Левое плечо Яруна прикрывал Урхо, поскольку щиты здесь ничем помочь не могли. В такой тесноте ими уже нельзя было пользоваться, они мешали соседям, и полагаться приходилось на друга слева да на собственный меч. И другом и живым щитом Яруна в этой битве был светловолосый чудин.

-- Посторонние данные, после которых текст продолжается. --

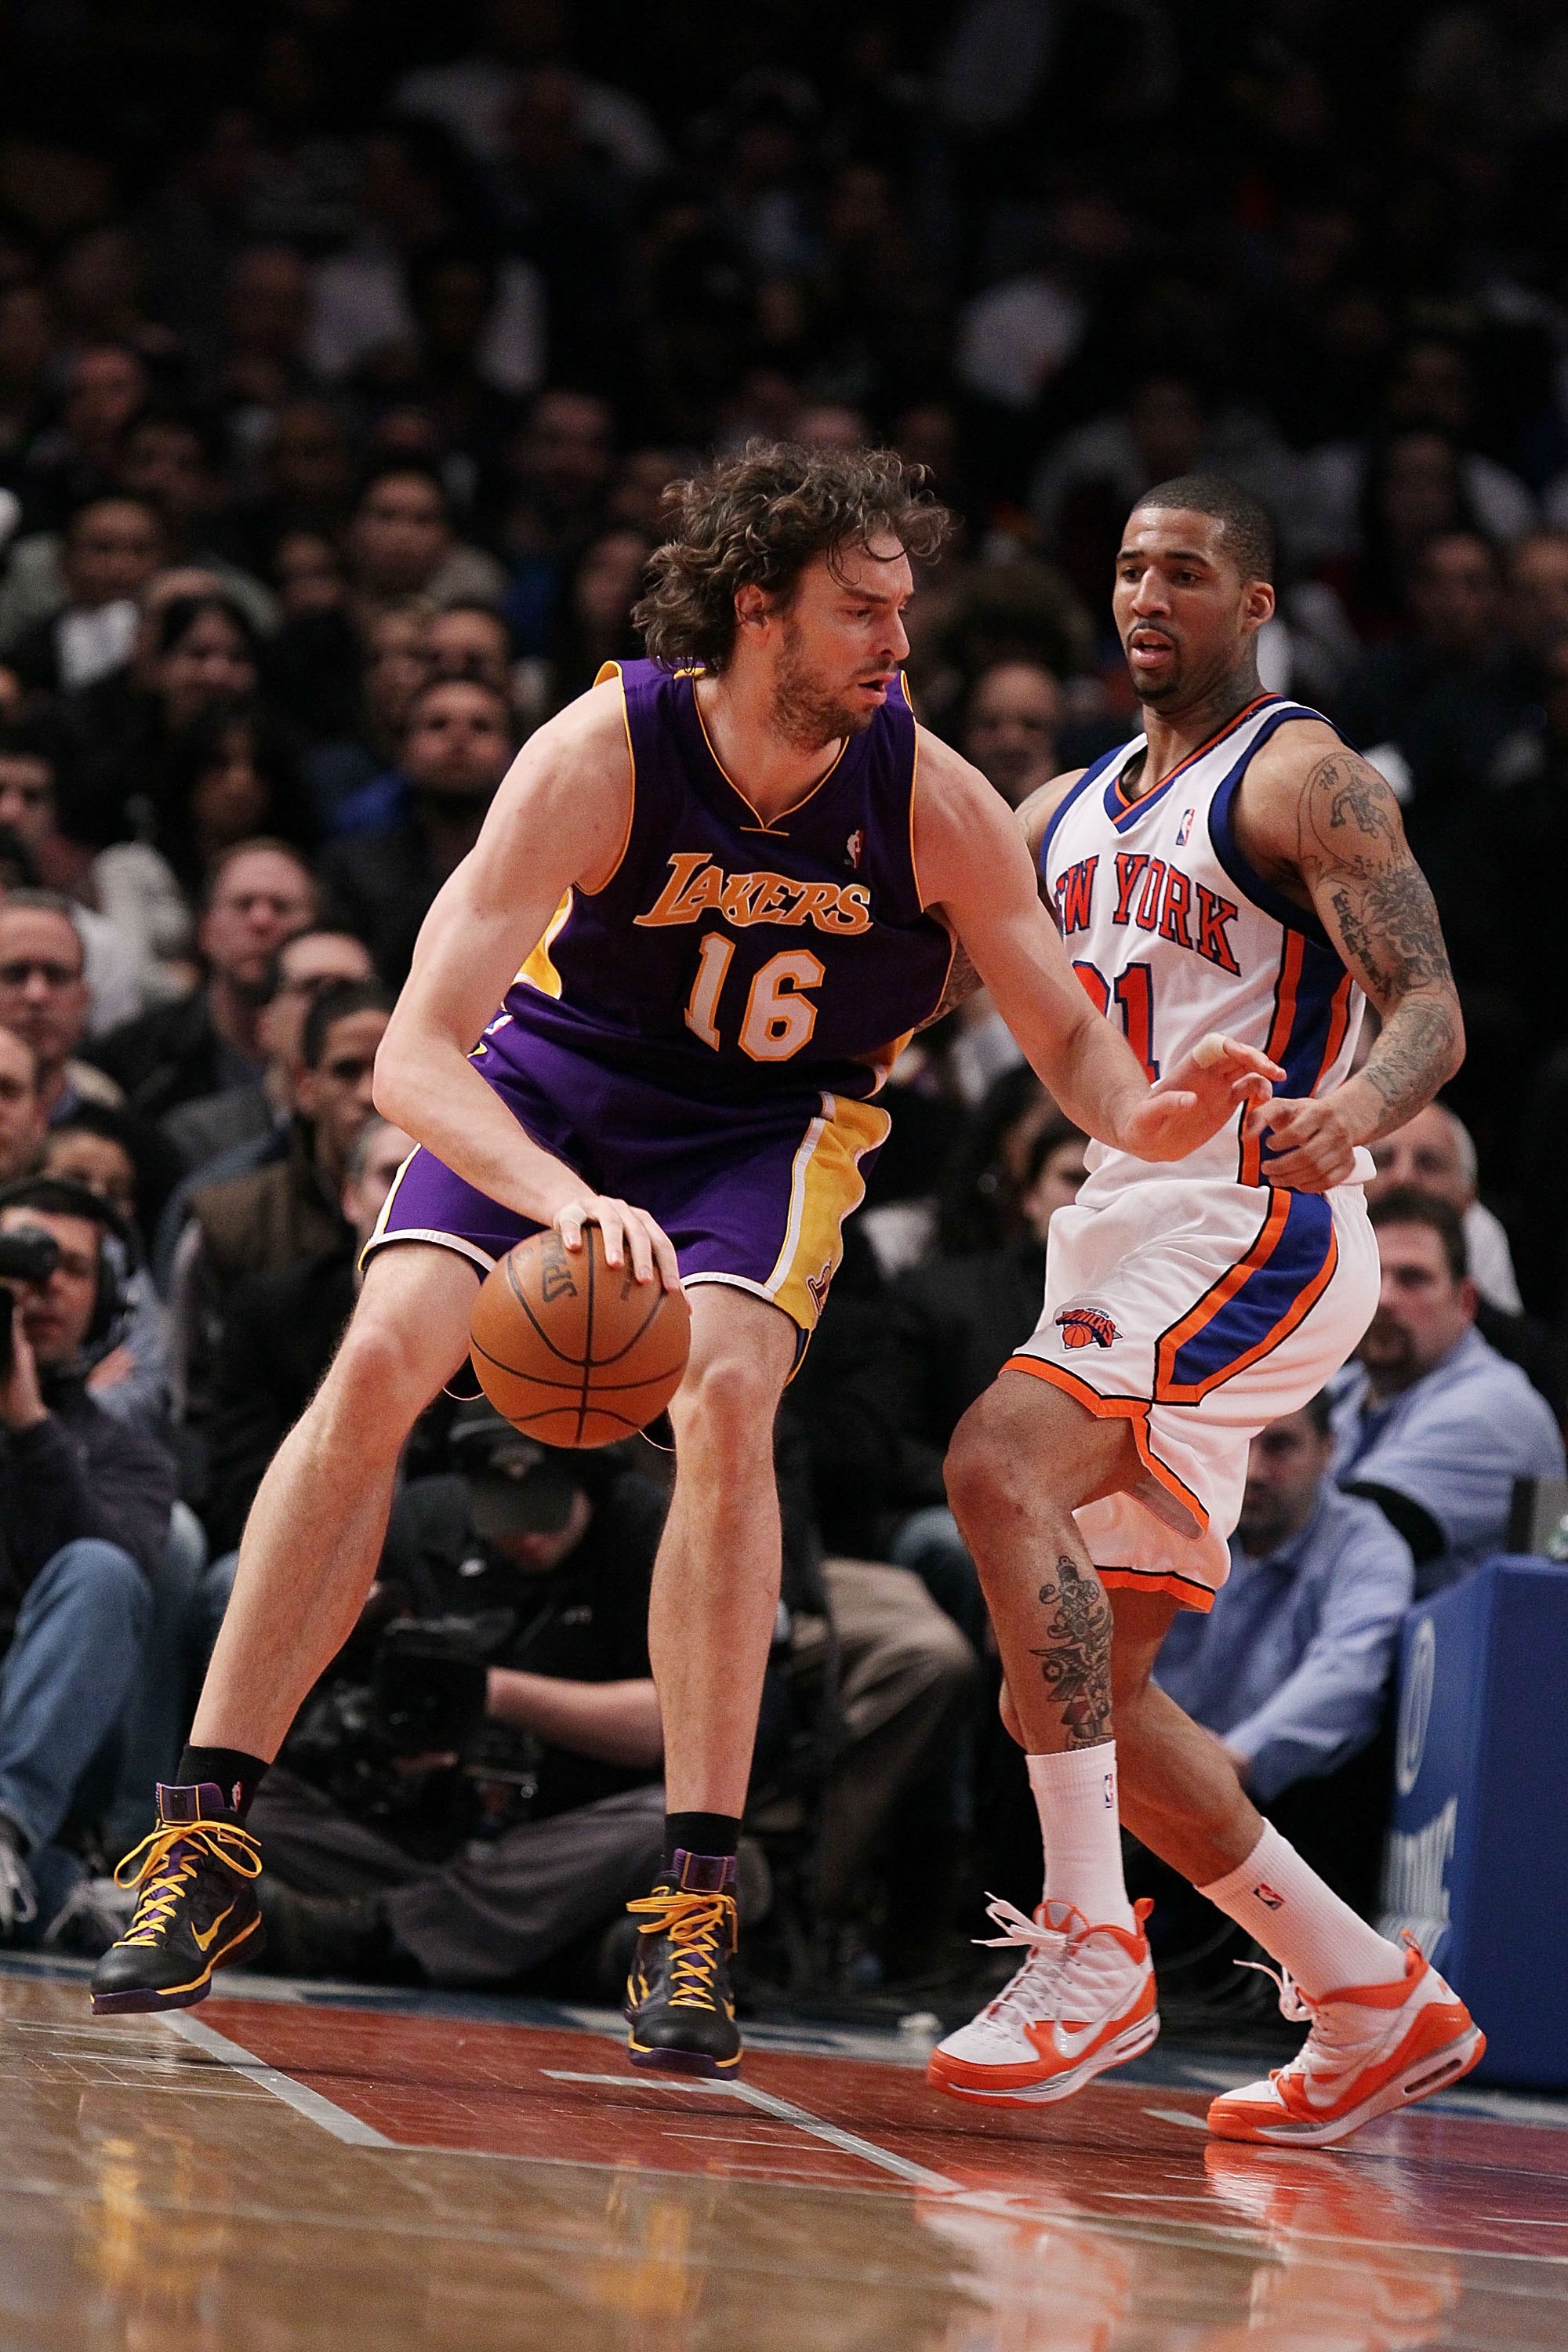 NEW YORK - JANUARY 22:  Pau Gasol #16 of the Los Angeles Lakers posts up against Wilson Chandler #21 of the New York Knicks during their game at Madison Square Garden on January 22, 2010 in New York, New York.  NOTE TO USER: User expressly acknowledges an

Урхо сражался без боевого шлема, потому что не смог подобрать ничего подходящего для собственной головы. Он приспособил мисюрку — кольчужное оголовье с железной верхушкой, прикрывавшей темя, — и соломенные кудри его, достигавшие плеч, взмокли и потемнели от пота. Меч чудин отковал для себя сам, так как обычные мечи были для него легки и маловаты, и пока уверенно отбивал им выпады рыцарей, норовя при этом свободной левой рукой перехватить древко копья. Дважды ему удавалось вырвать эти копья из ливонских рук, а один раз и стянуть с седла зазевавшегося рыцаря, которого тут же добили дружинники.
Железный, ощетиненный копьями клин все же заставил попятиться дружину. Отступали они одновременно, и это входило в задачу, которую поставил Невский: сдержать первый натиск, медленно отойти, ввести ополчение в битву и с двух сторон зажать рыло «свиньи». Но при отступлении дружинники невольно начали рвать строй, в разрывы кое-где уже вторглись рыцари, что было чрезвычайно опасно. Ярун скорее уловил это своим затуманенным сознанием, чем понял всем предыдущим опытом воина и воеводы, на мгновение оглянулся, проверяя, насколько многочисленны эти разрывы, потерял из виду противника, и тотчас же тяжёлый меч опустился на его шею, проломив кольчужное оголовье.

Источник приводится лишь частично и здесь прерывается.